▸ DIRECTIONS FOR THIS TASK:
With the images removed, return every line below exactly as it reads.

▸ MATERIAL PROVIDED:

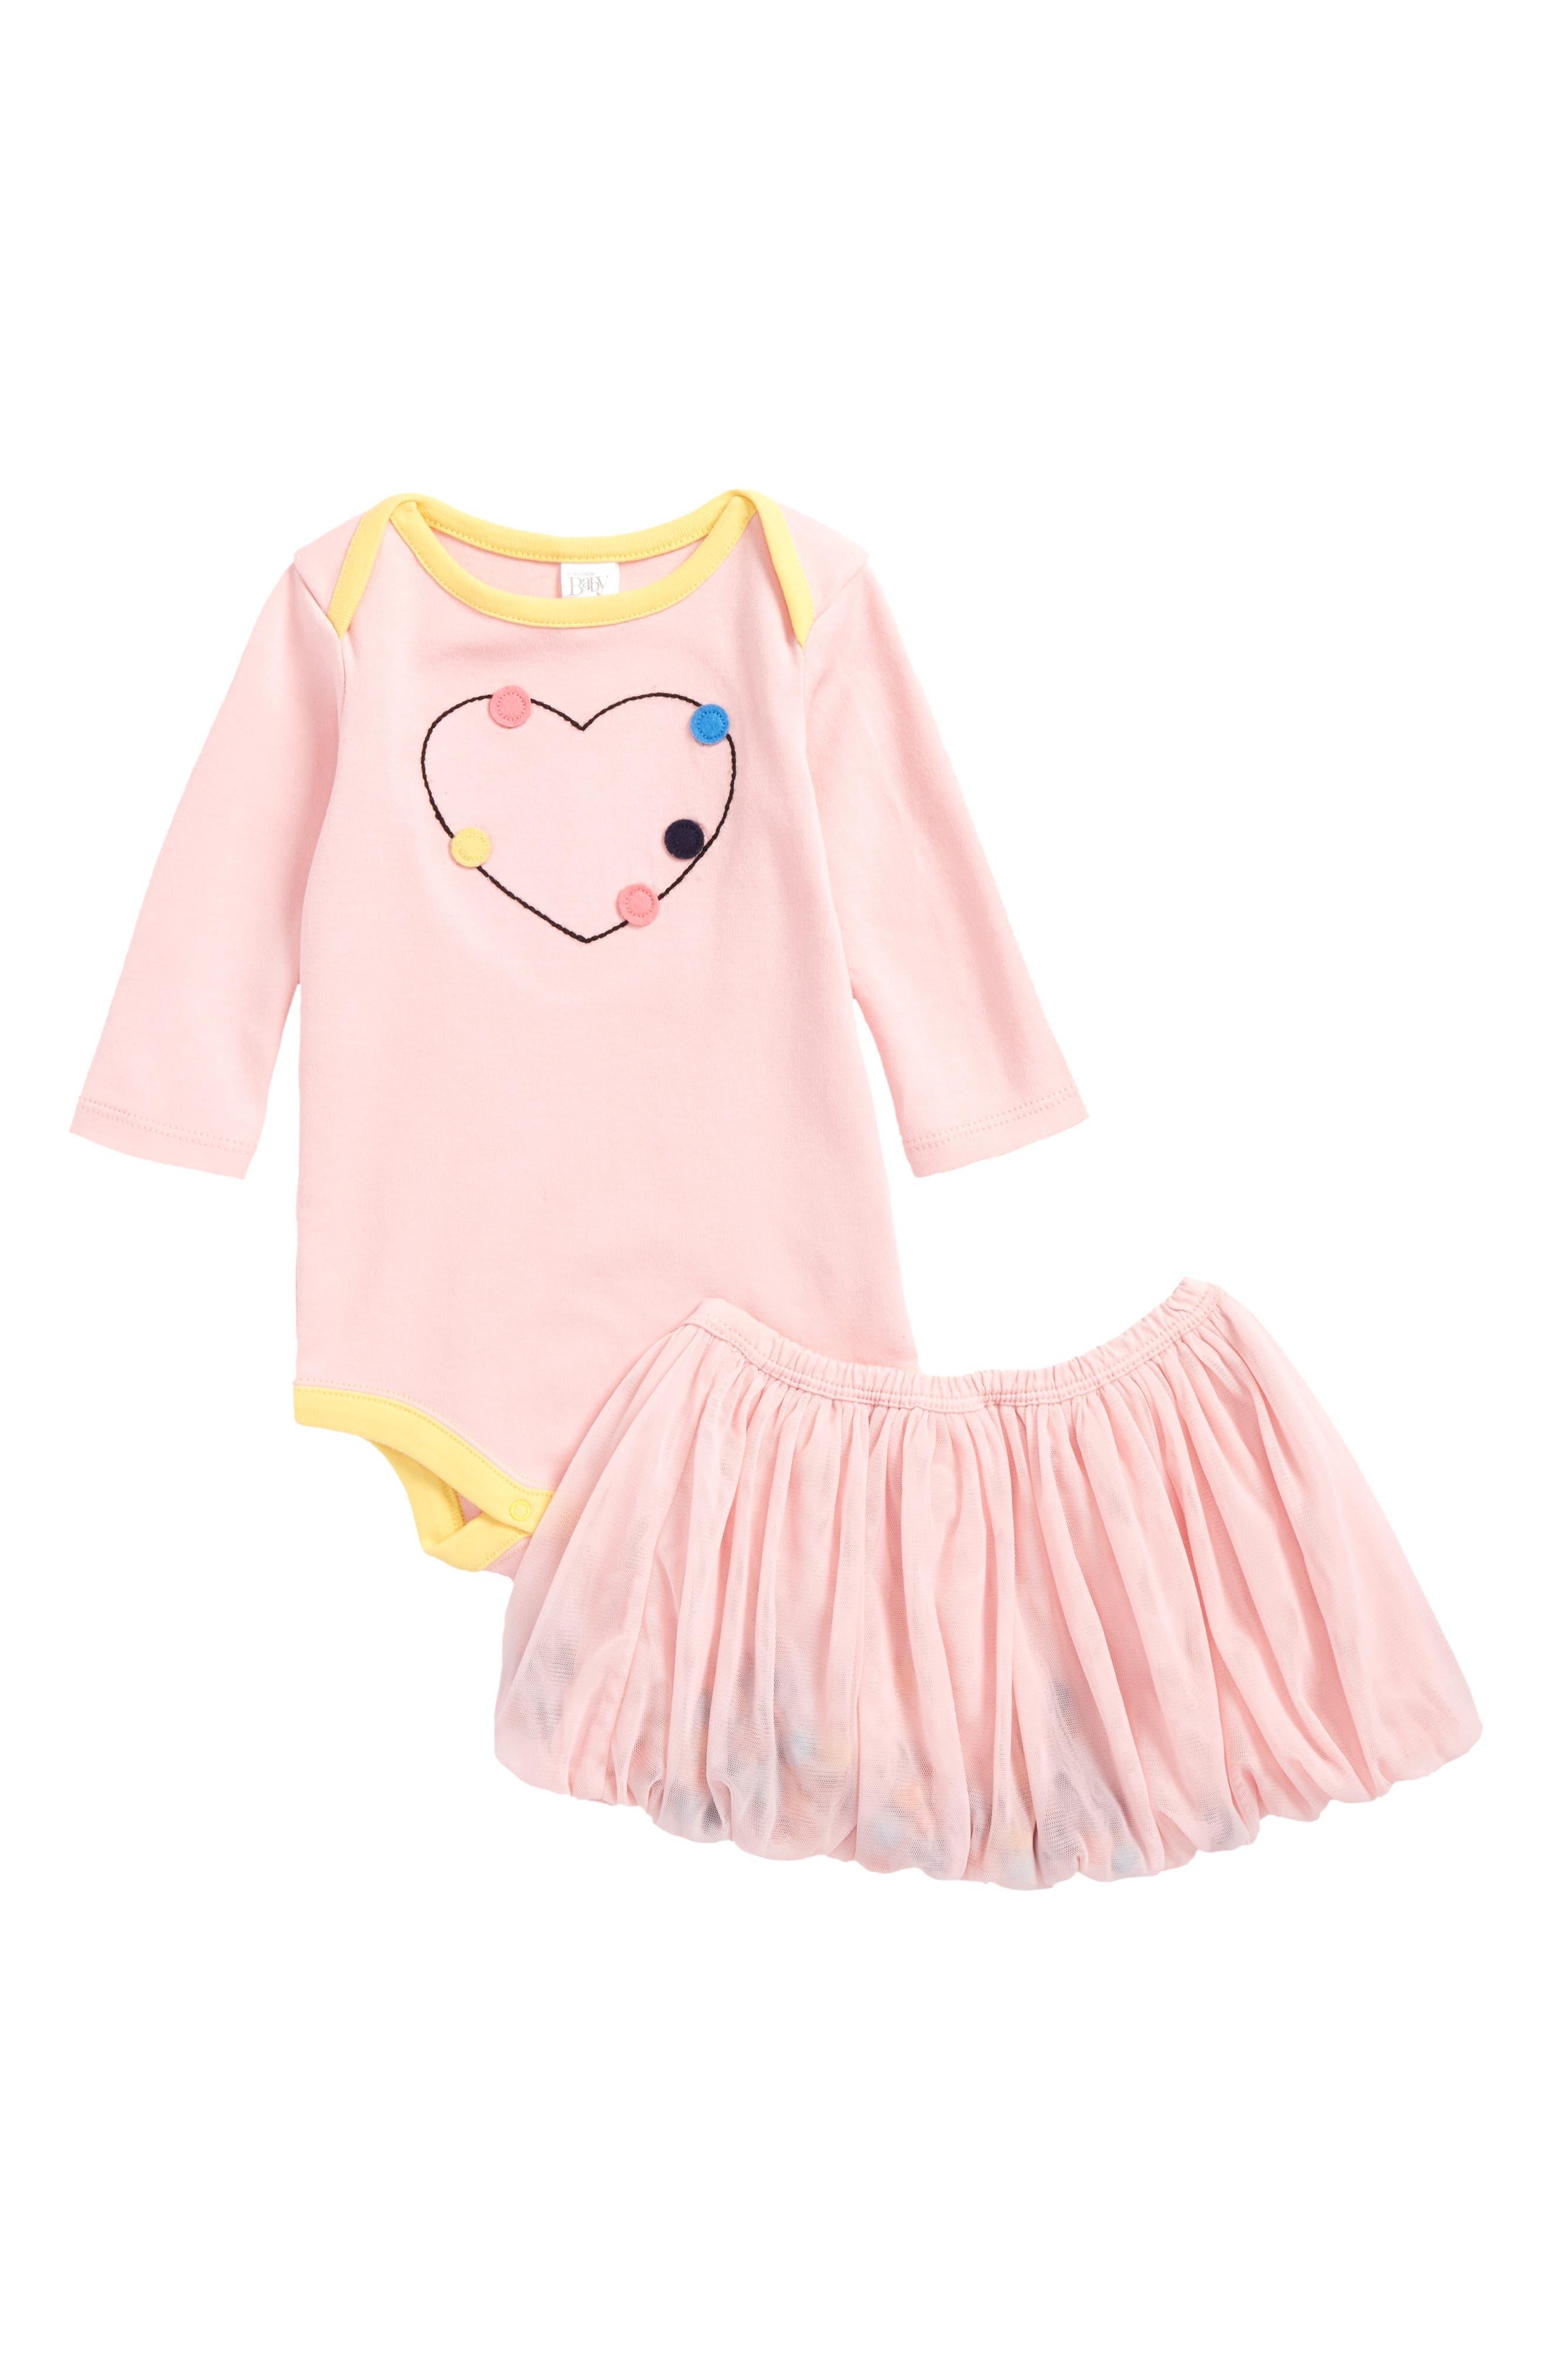 Bodysuit & Pompom Tutu Skirt Set,                             Main thumbnail 1, color,                             Pink Coral Hearts
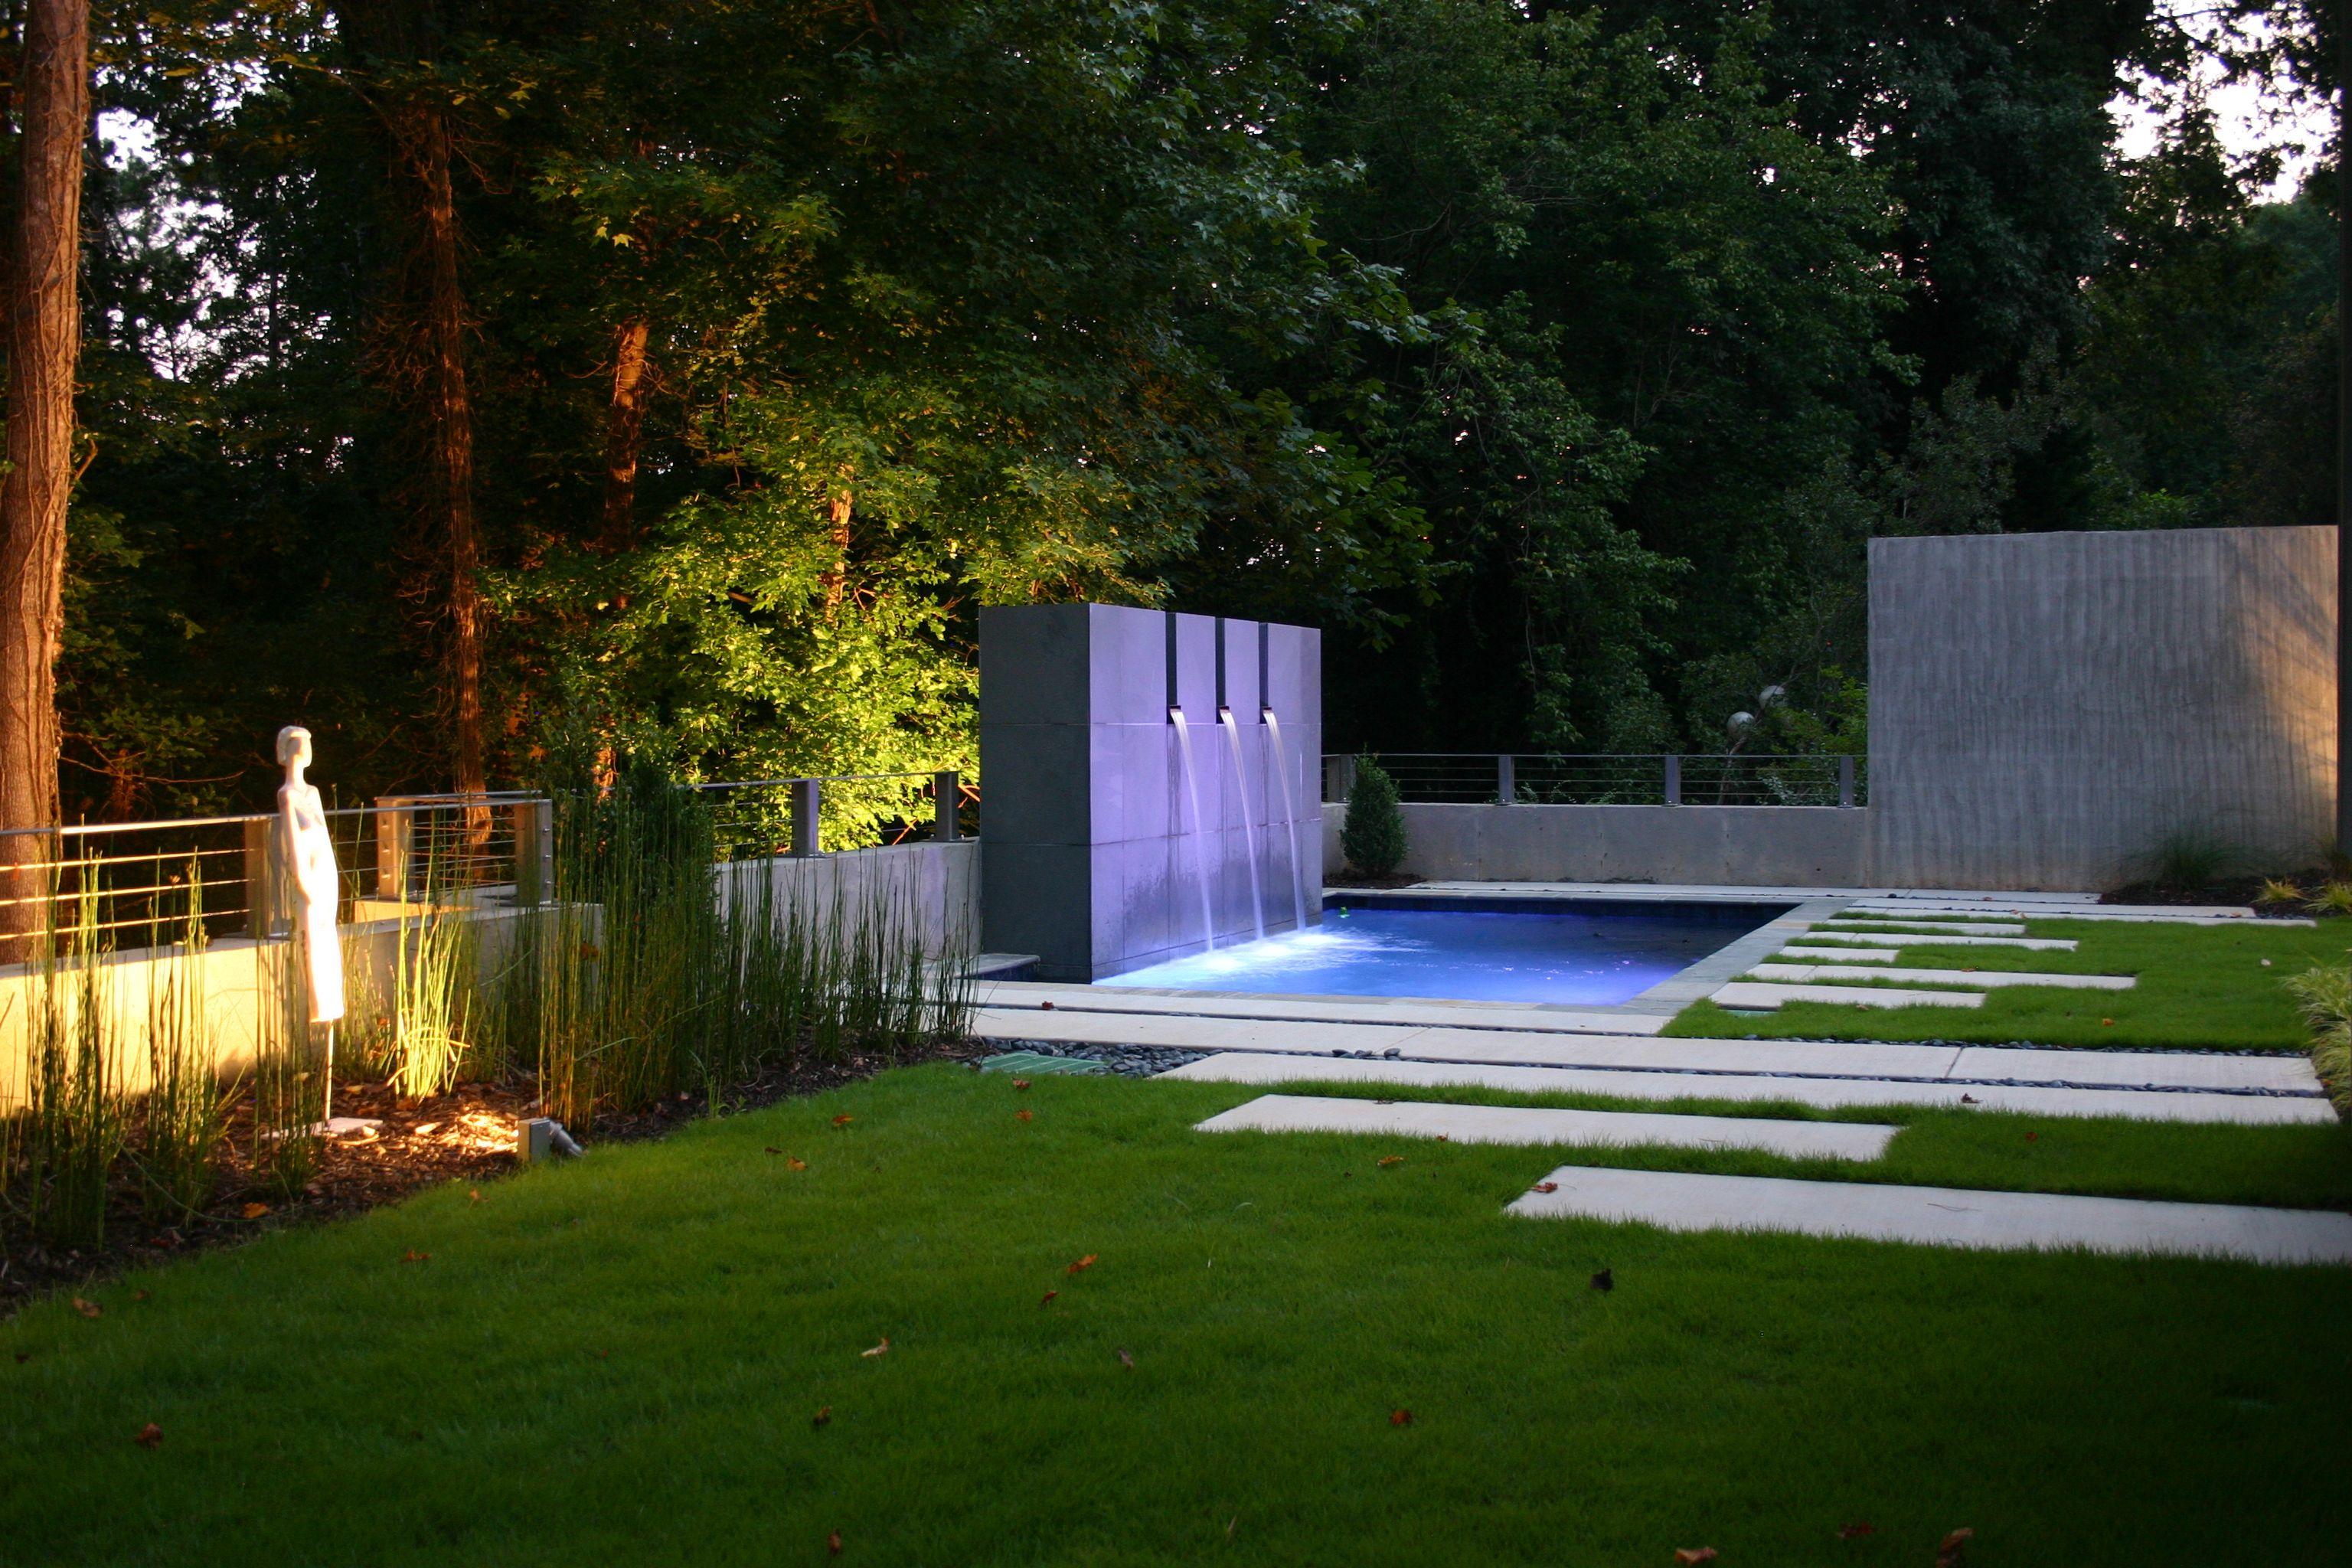 metro atlanta home with a modern backyard swimming pool design
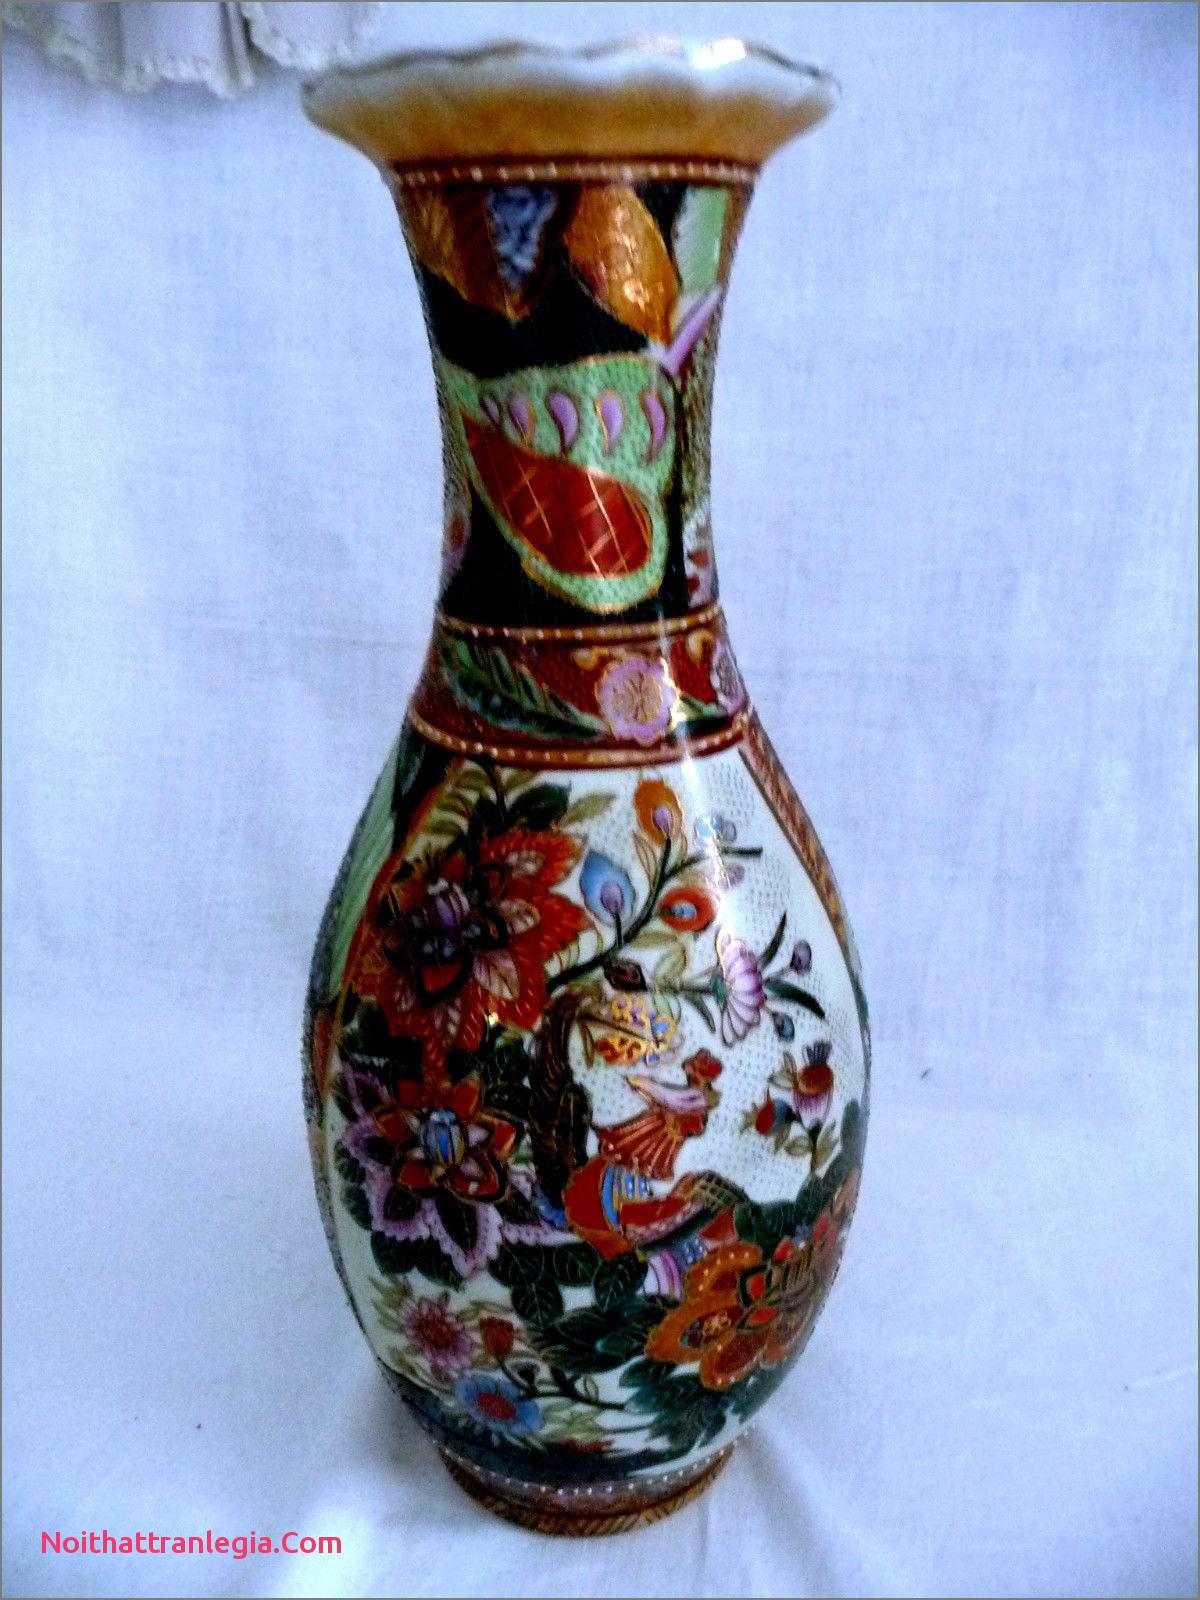 big chinese vases for sale of 20 chinese antique vase noithattranlegia vases design with regard to 1 von 11 siehe mehr aus nachlass prachtvolle antike 38cm grosse vase aus japan od from chinese

▸ TASK OUTPUT:
 Bodysuit & Pompom Tutu Skirt Set,                             Main thumbnail 1, color,                             Pink Coral Hearts
 metro atlanta home with a modern backyard swimming pool design
 big chinese vases for sale of 20 chinese antique vase noithattranlegia vases design with regard to 1 von 11 siehe mehr aus nachlass prachtvolle antike 38cm grosse vase aus japan od from chinese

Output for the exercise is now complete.